And after the constant force compensation analysis model is obtained, inputting the first grinding information into the constant force compensation analysis model to obtain a first output result, wherein the first output result comprises the feedforward constant force compensation information and the feedback constant force compensation information, and the obtained feedforward constant force compensation information and the feedback constant force compensation information are used as the constant force compensation information for carrying out grinding constant force compensation adjustment on the first grinding robot. The feed-forward constant force compensation information is a pre-adjusted larger-amplitude force predicted according to the first grinding information and is used for supporting constant force grinding. The feedback constant force compensation information is the force which is adjusted in a small-amplitude adaptability mode after the feedforward constant force compensation is simulated. Therefore, the constant force compensation analysis model is constructed in a targeted manner through the polishing environment information, the targeted generation of the constant force compensation information can be achieved, and the technical effect of improving the constant force compensation accuracy is achieved.

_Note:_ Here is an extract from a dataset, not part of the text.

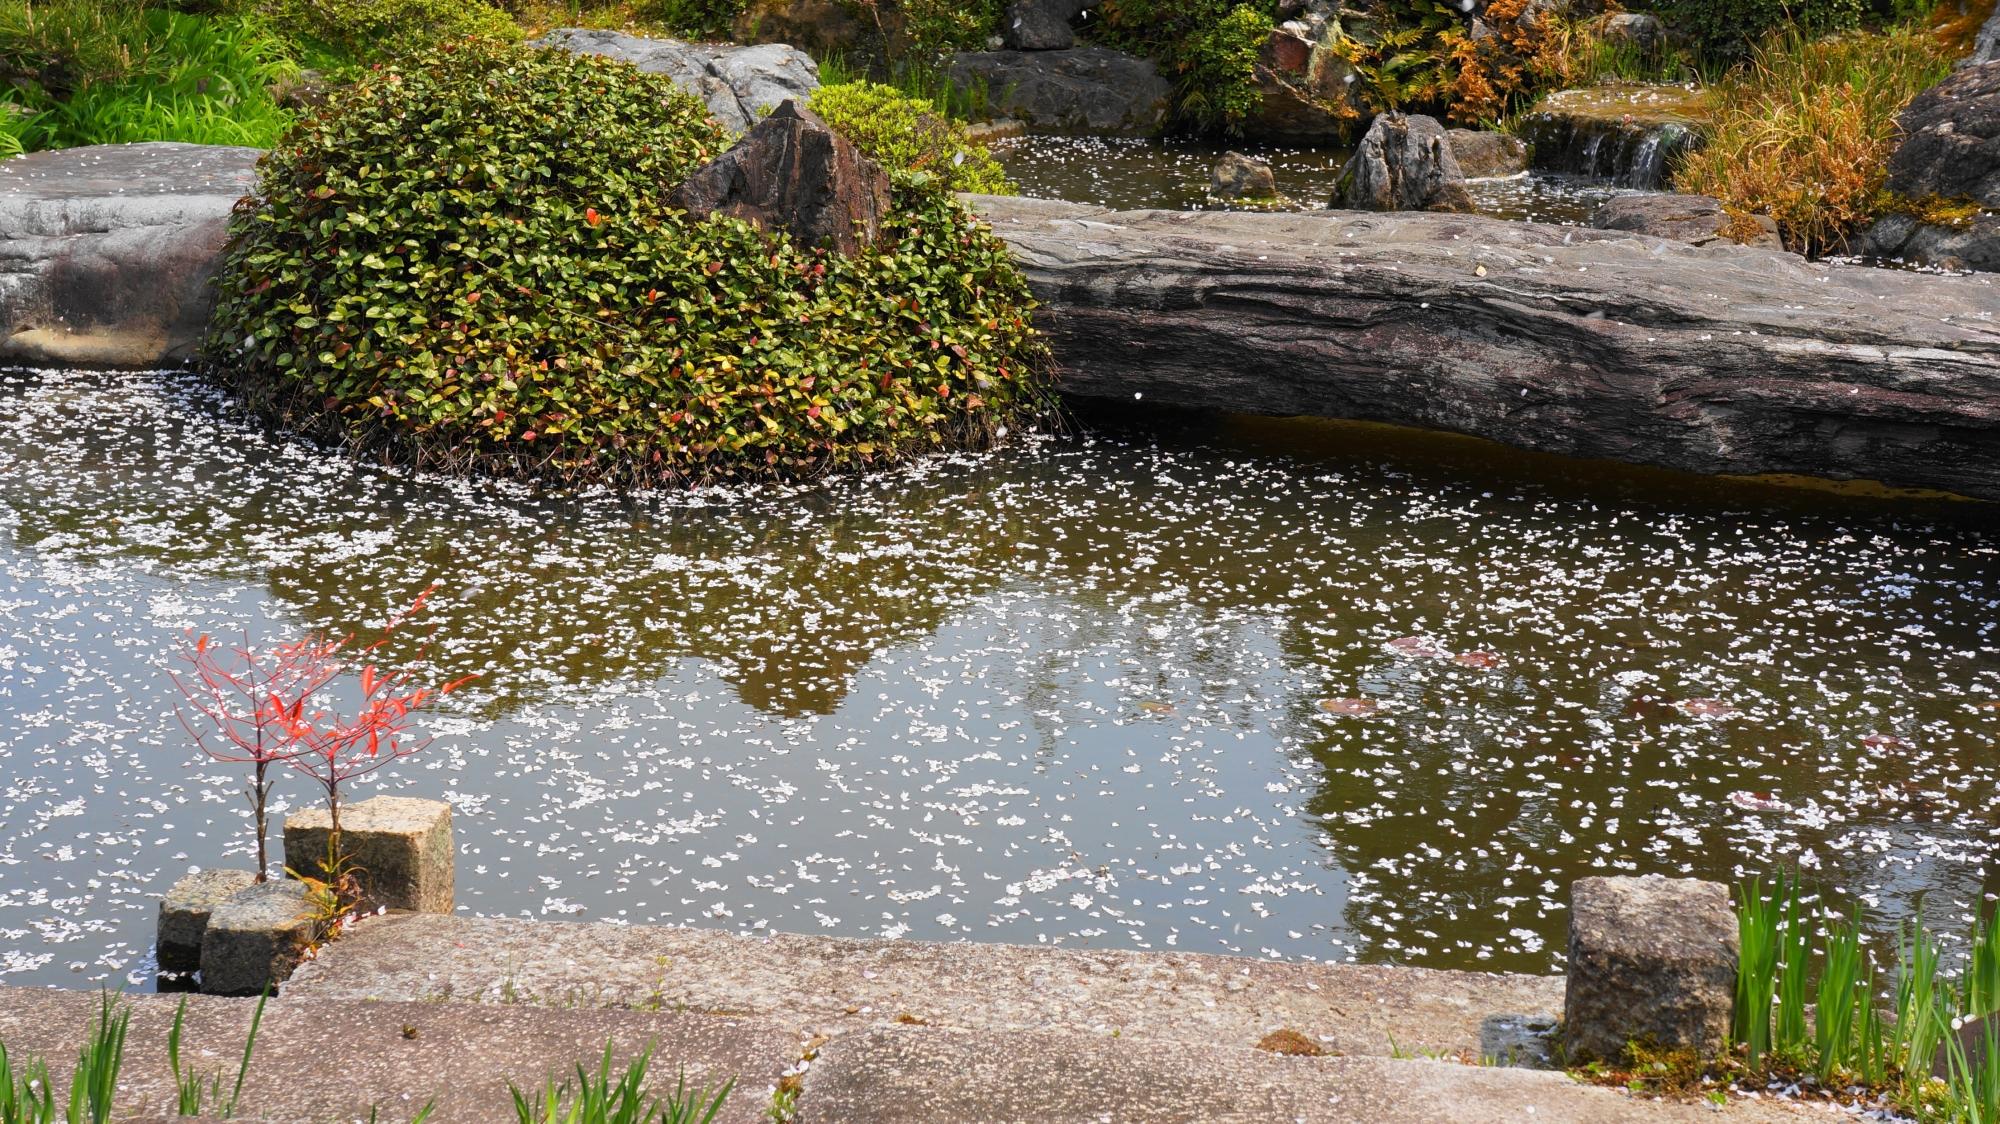 池を彩る華やかな散り桜

Further, the detecting the pose of the first grinding robot further includes, in step S300 of the embodiment of the present application:
step S310: acquiring and acquiring a multi-dimensional attitude information set of the first grinding robot through the nine-axis attitude compensation module, wherein the multi-dimensional attitude information set comprises a three-axis acceleration attitude information set, a three-axis angular velocity attitude information set and a three-axis angular motion attitude information set;
step S320: and performing fusion dimensionality reduction on the multi-dimensional attitude information set to obtain the first attitude information.
Further, the step S320 of performing fusion and dimension reduction on the multi-dimensional posture information set further includes:
step S321: performing decentralized processing on the multi-dimensional attitude information set to obtain a feature data set;
step S322: calculating to obtain a covariance matrix of the feature data set;
step S323: calculating the covariance matrix to obtain an eigenvalue and an eigenvector of the covariance matrix;
step S324: projecting the multi-dimensional attitude information set to the characteristic vector to obtain a dimension reduction data set;
step S325: and taking the dimension reduction data set as the first posture information.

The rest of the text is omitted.